Thursday, June 25, 2015

Fingering chart for the Spirit

During TaizĂ© prayer this morning, I happened to glance at my recorder right before we entered silence. Specifically, I noticed the thumbhole.

I'm sure you remember how this wind instrument works. You probably played one in elementary school. It's a bit like a long whistle with holes up and down the front and a thumb hole high on the back. Depending on which holes you cover and which ones you leave open, you play different pitches when you blow through the mouthpiece.

Spiritually speaking, none of us stays open all the time. Likewise, none stays perpetually closed. But the Spirit still blows. And depending on who is open and closed at a particular moment, the Spirit's tune changes.
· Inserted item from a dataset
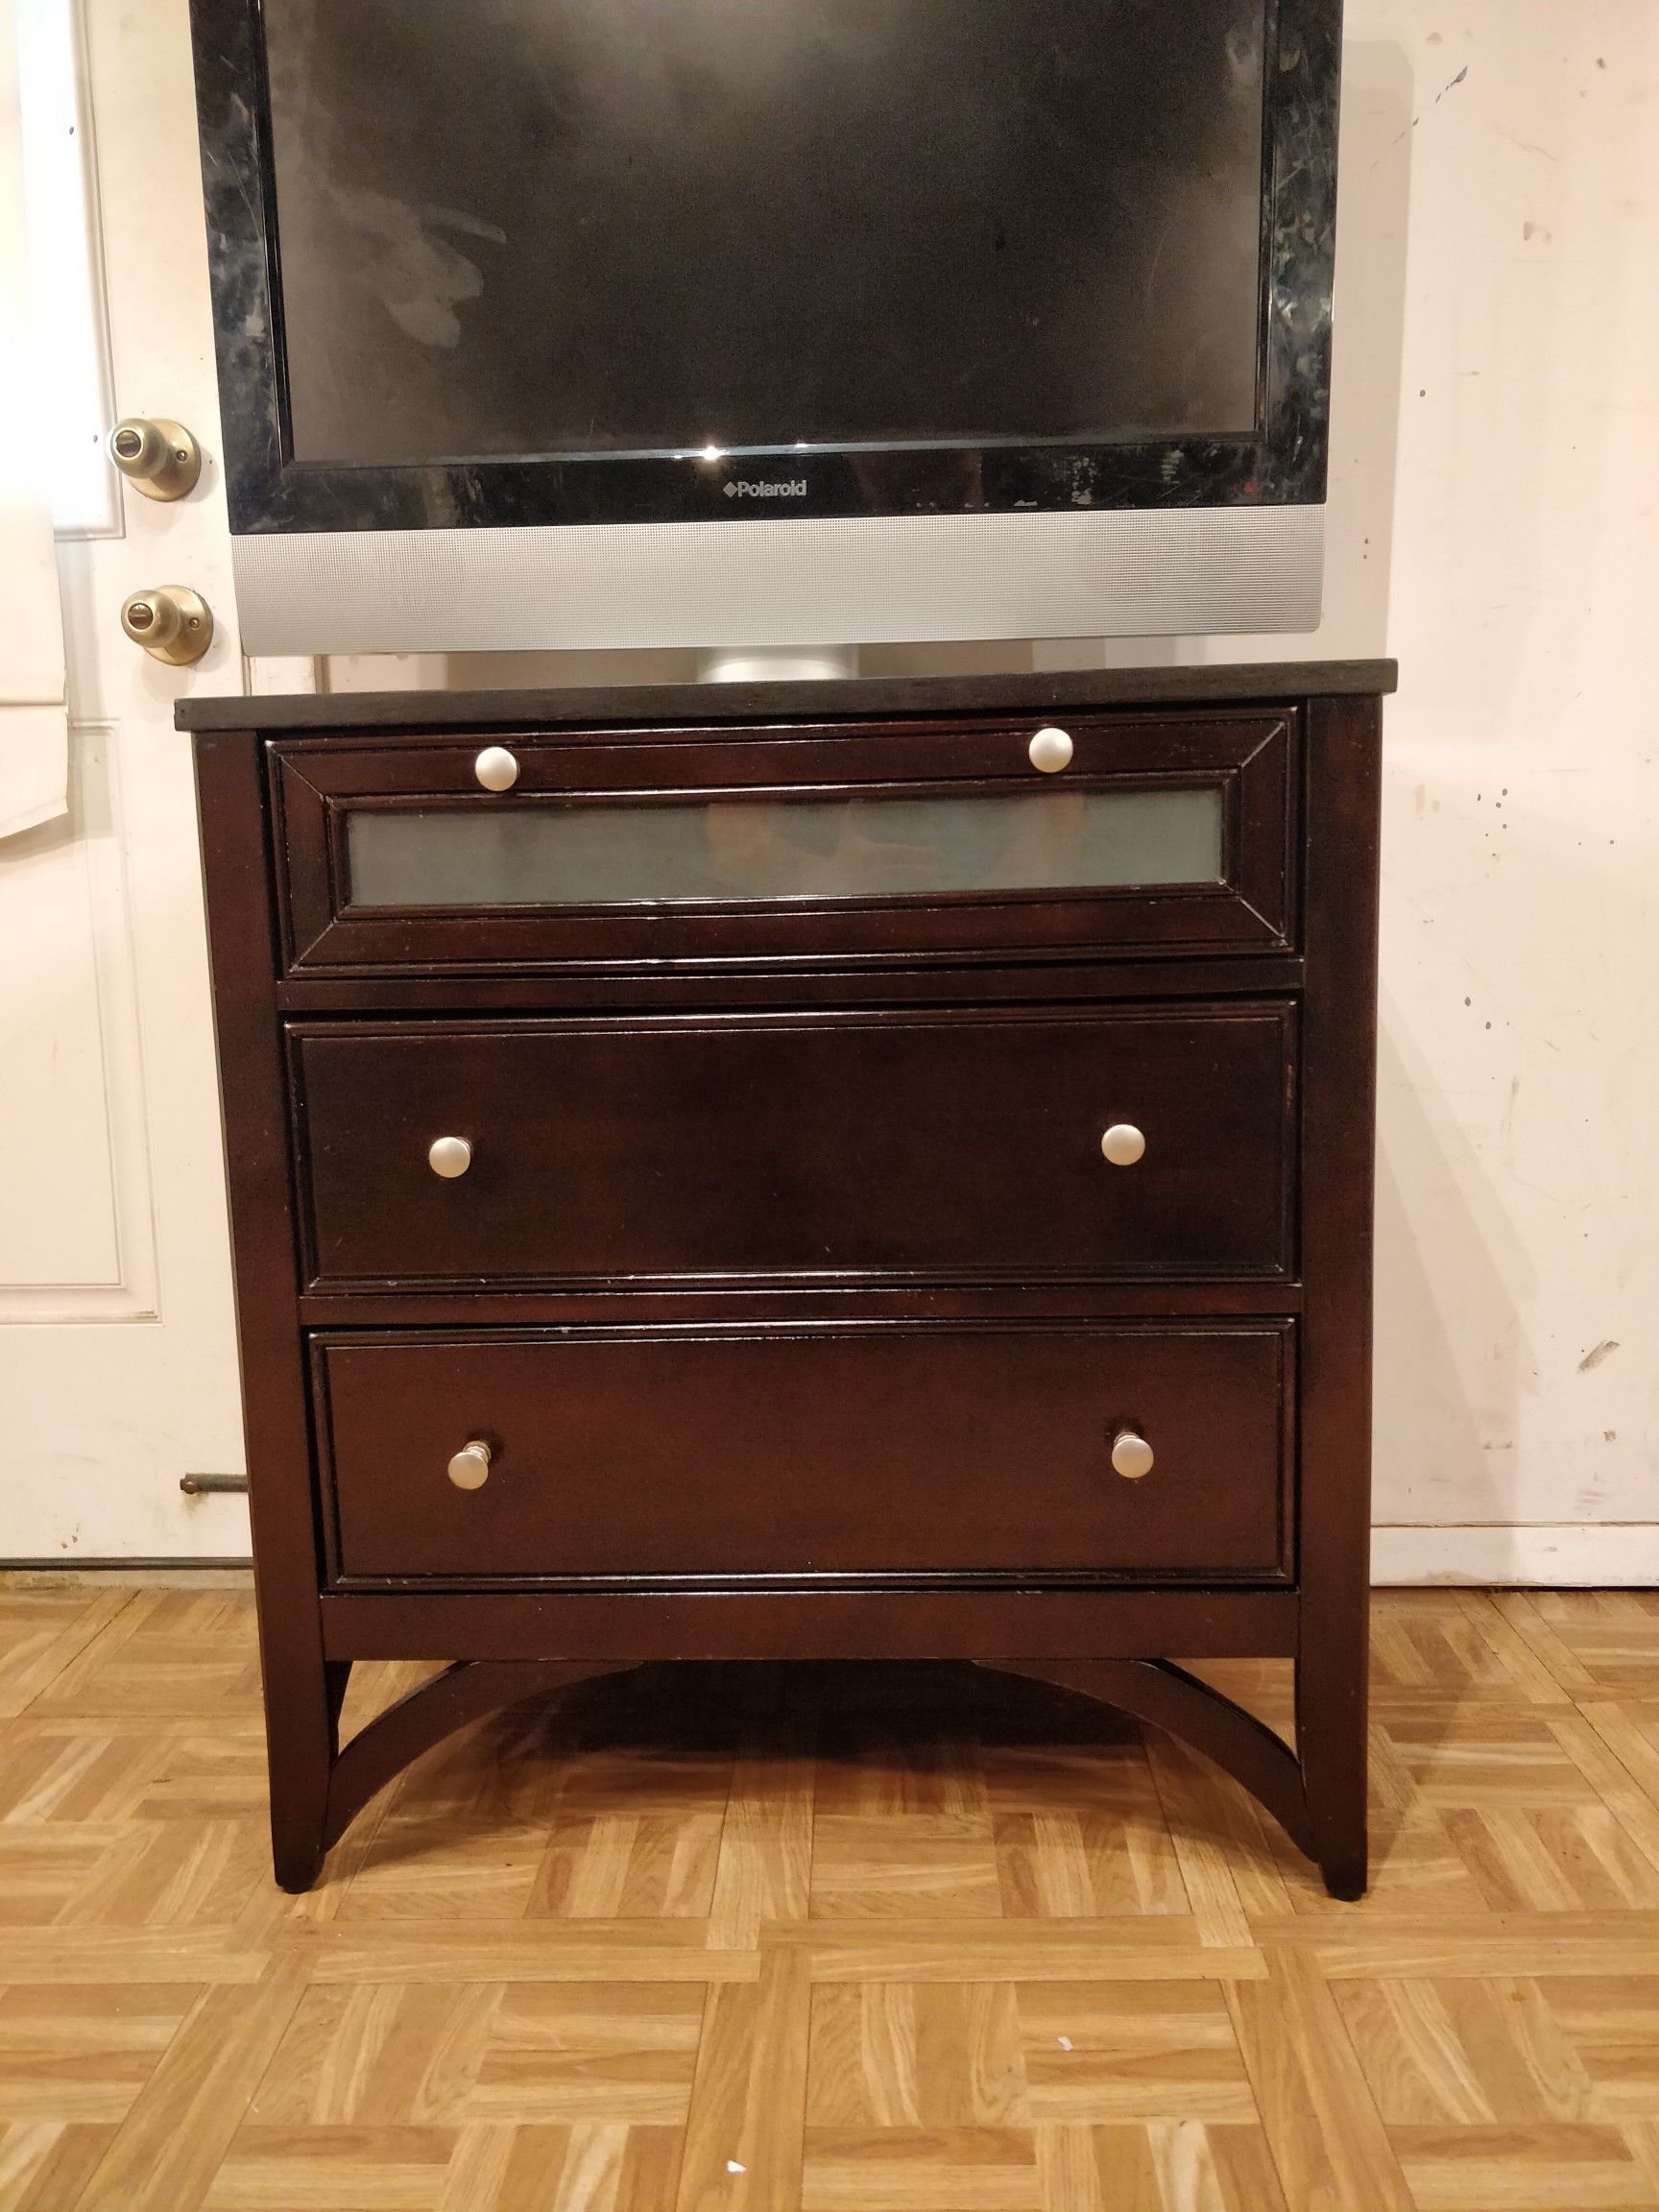 Solid wood big night stand with 3 drawers in great condition all drawers working well dovetail drawers, let me know when

How important it is that we each are open and closed at the right times — to the Spirit, each other, our own ego, will, desires, and distractions. When we are open and closed at different times of our lives, the Spirit sounds different. As I close down, you may open up, and that changes things. It's, well, dynamic.

When we each open and close in the right proportions and rhythms  throughout the church community, the Spirit makes beautiful music, not just spiritual noise.

My insight was that we don't all have to be open at once. Lower notes require more holes to be covered. And there is even one note that requires all holes to be filled. It's hard to play, but occasionally the music calls for it. And as important as that one note is, there's not much worthwhile music written for one note alone. The Spirit uses our emptiness and fulness alike to sing God's song.

If we ever become a one-note church, or if one of us never opens up or never shuts down, the song won't be as beautiful as it can be. We'll get anxious, bored, frustrated, or tired. We need all of us, working in concert, open and closed, empty and full, to become the song the Spirit wants most to sing.